> _PROVIDED DATA_:
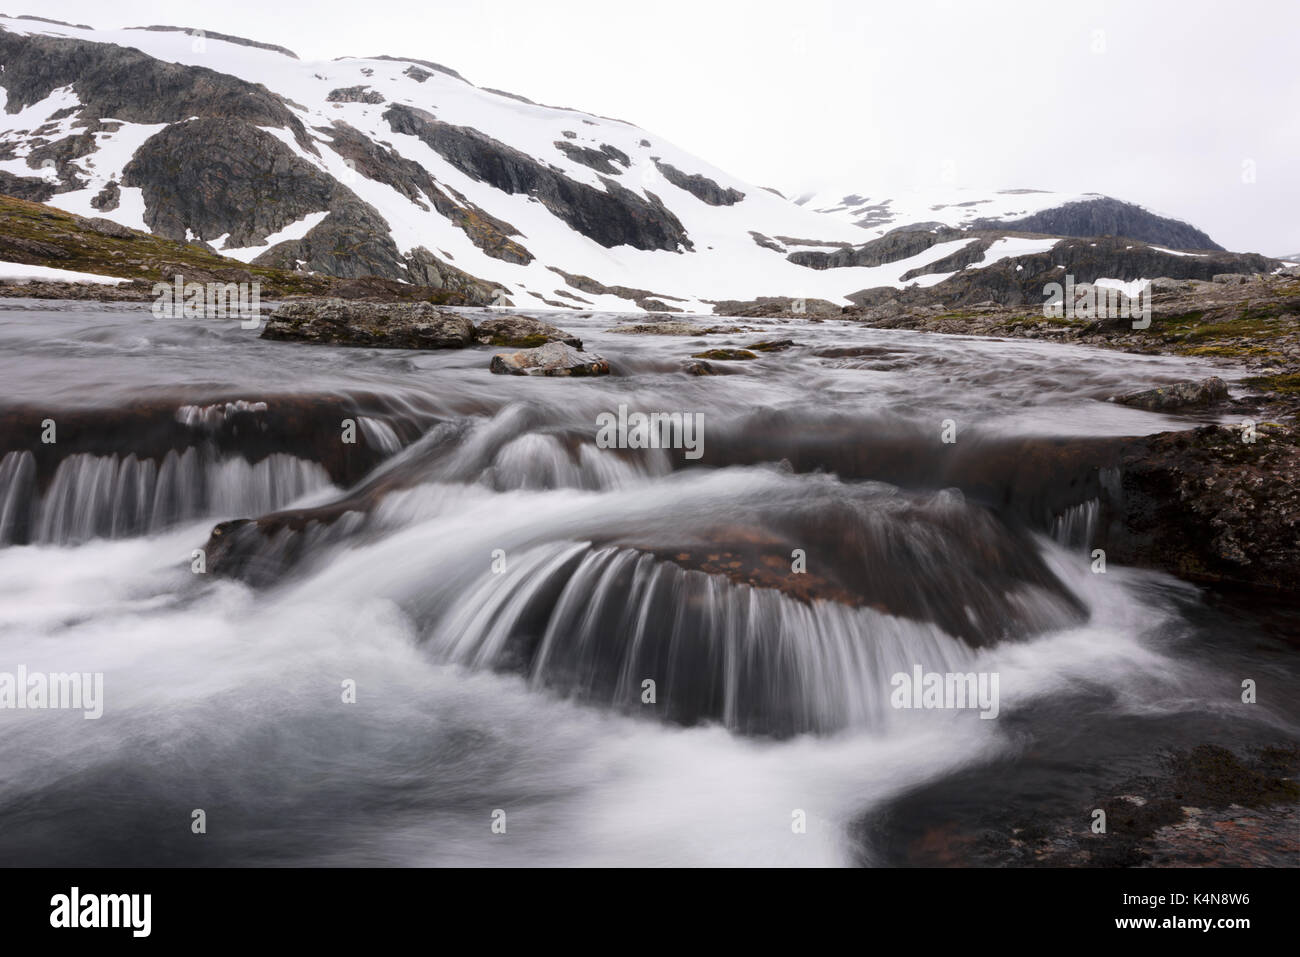 Typisch norwegische Landschaft mit schneebedeckten Bergen Stockfoto
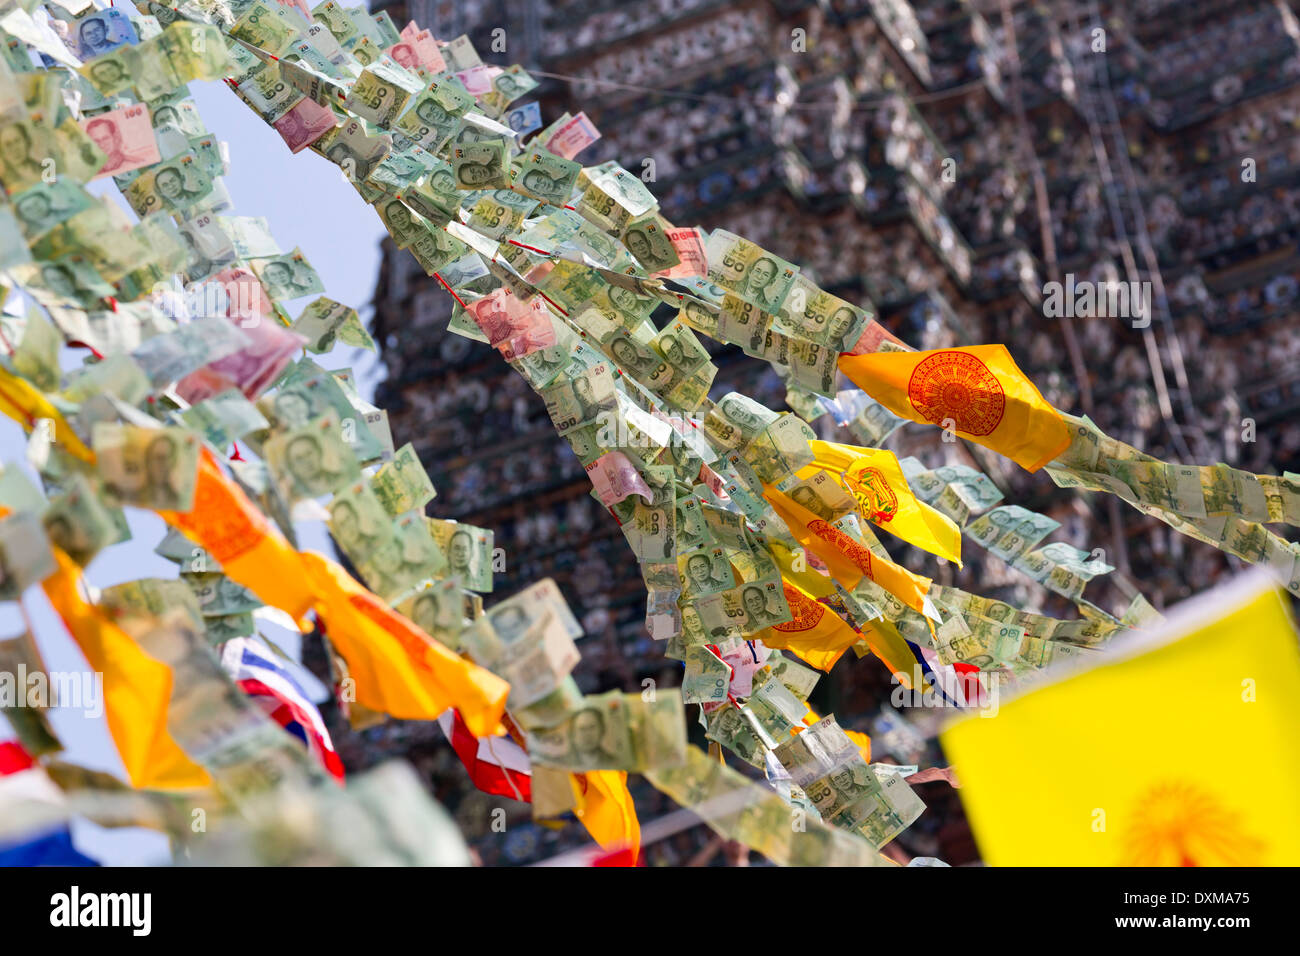 Le erogazioni liberali in denaro effettuate a il tempio di Wat Arun a Bangkok, in Thailandia Foto Stock
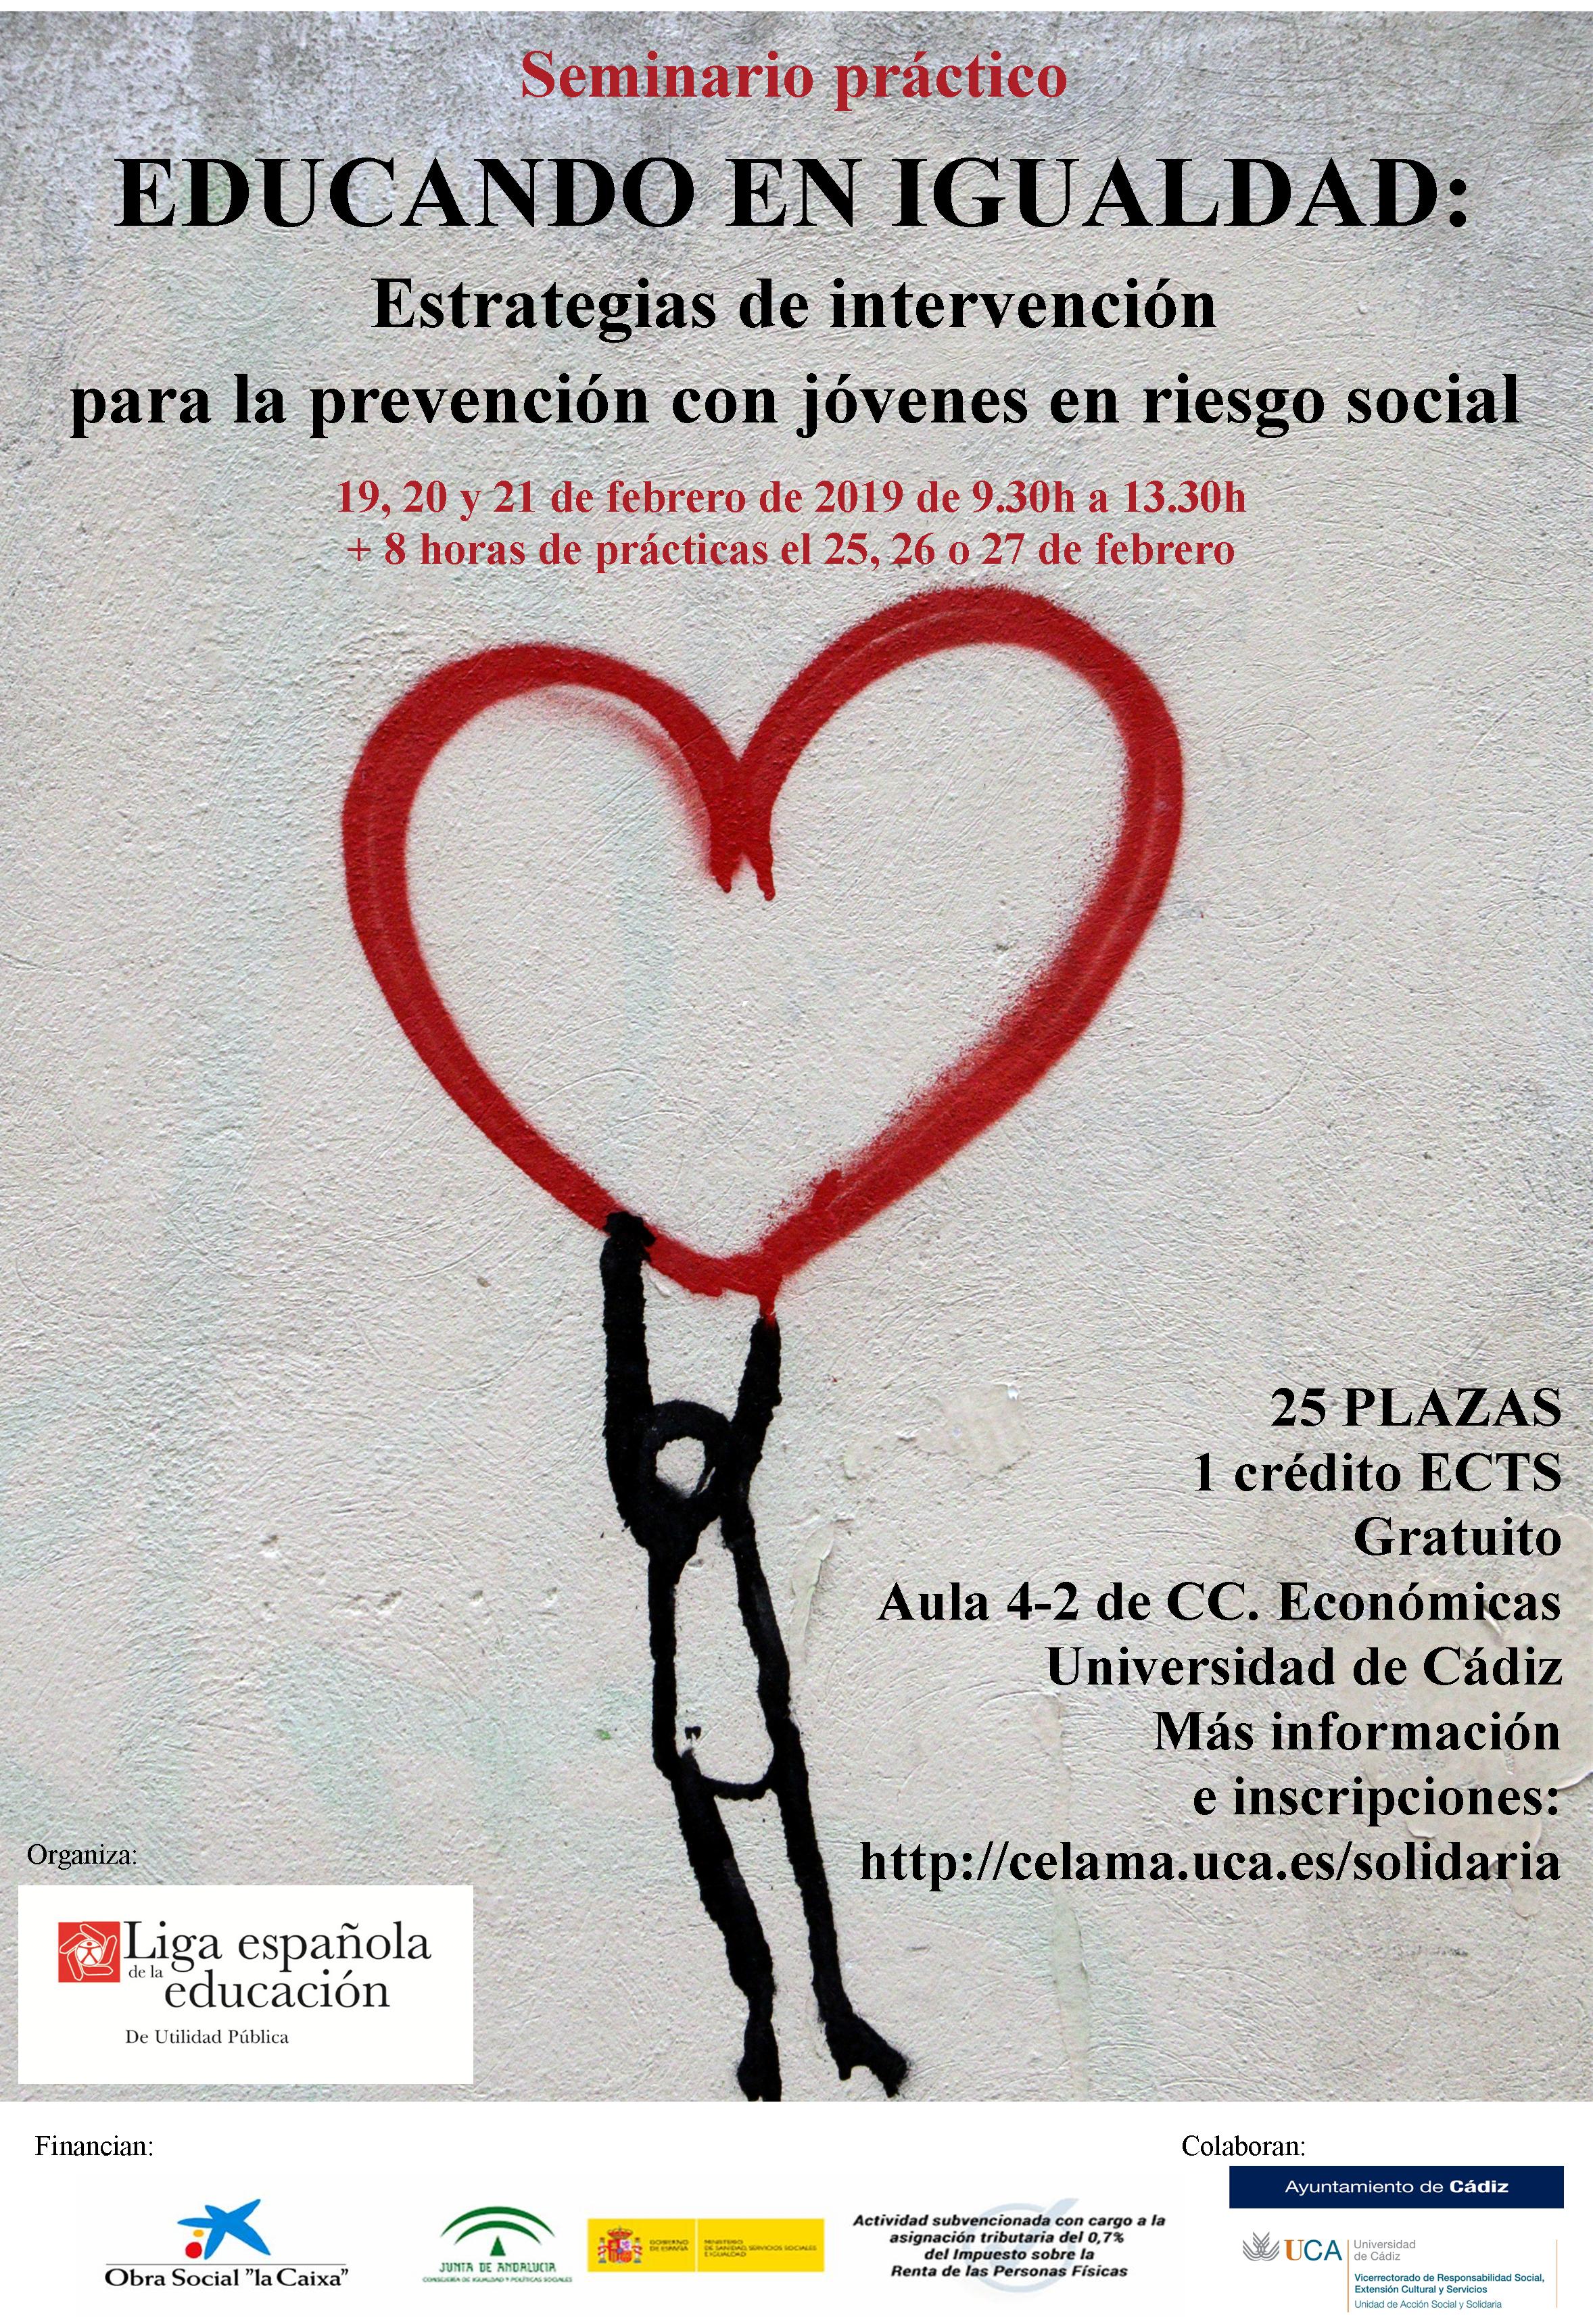 Seminario práctico “Educando en igualdad: Estrategias de intervención para la prevención con jóvenes en riesgo social.”. 19, 20 y 21 de febrero. 1 crédito ECTS. Campus de Cádiz
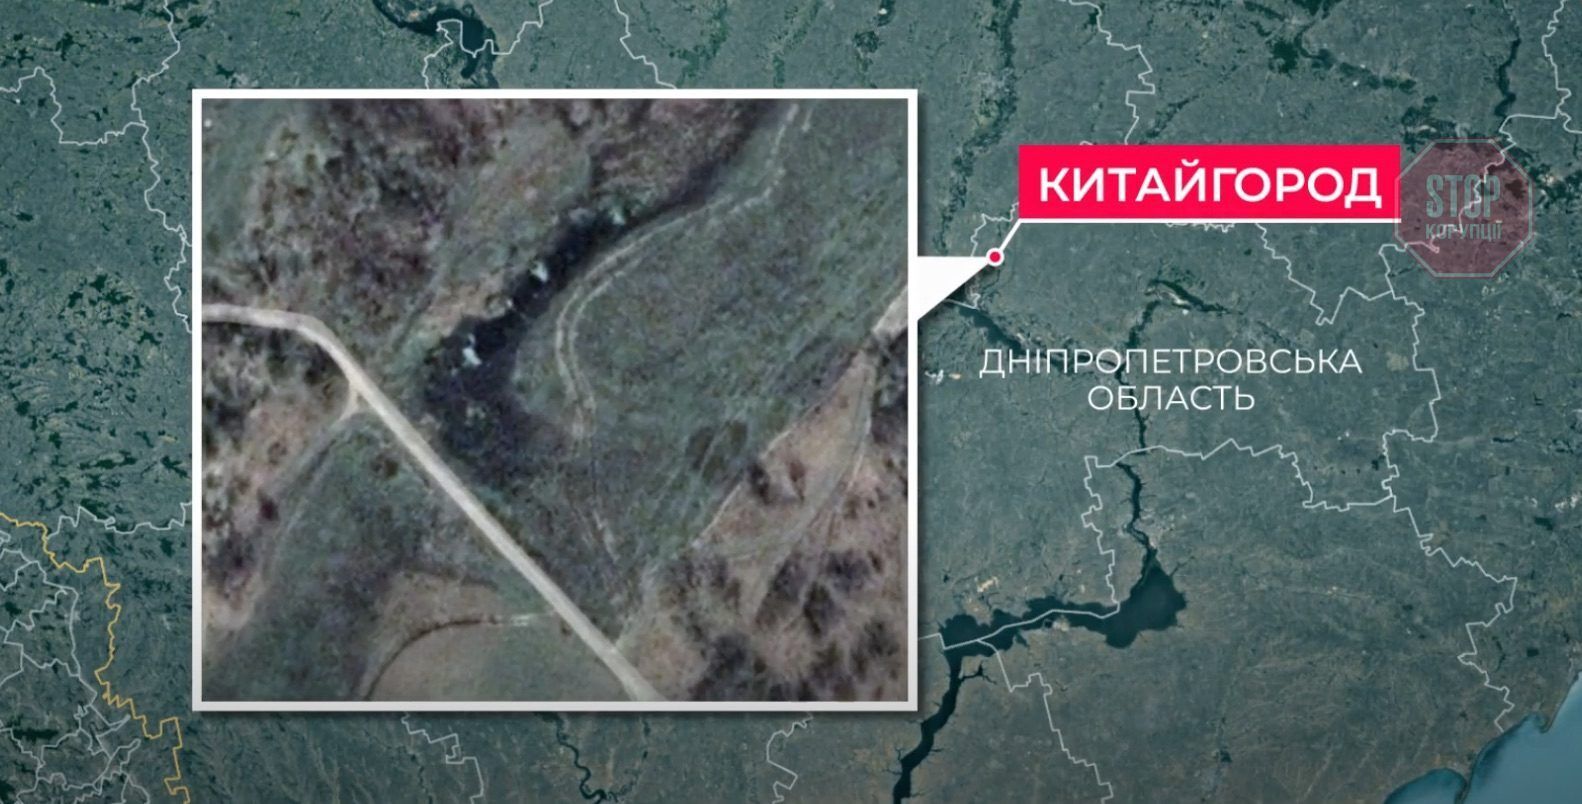  Найдорожчу дорогу України будують поблизу Китайгорода Фото: скриншот

> _EXERCISE REQUIREMENTS_: Your copy should hold exactly the lines from the one that contains "Campus de Cádiz" through the final line of the data, both ends included, and no pictures.

> _WRITTEN SOLUTION_:
 Seminario práctico “Educando en igualdad: Estrategias de intervención para la prevención con jóvenes en riesgo social.”. 19, 20 y 21 de febrero. 1 crédito ECTS. Campus de Cádiz
  Найдорожчу дорогу України будують поблизу Китайгорода Фото: скриншот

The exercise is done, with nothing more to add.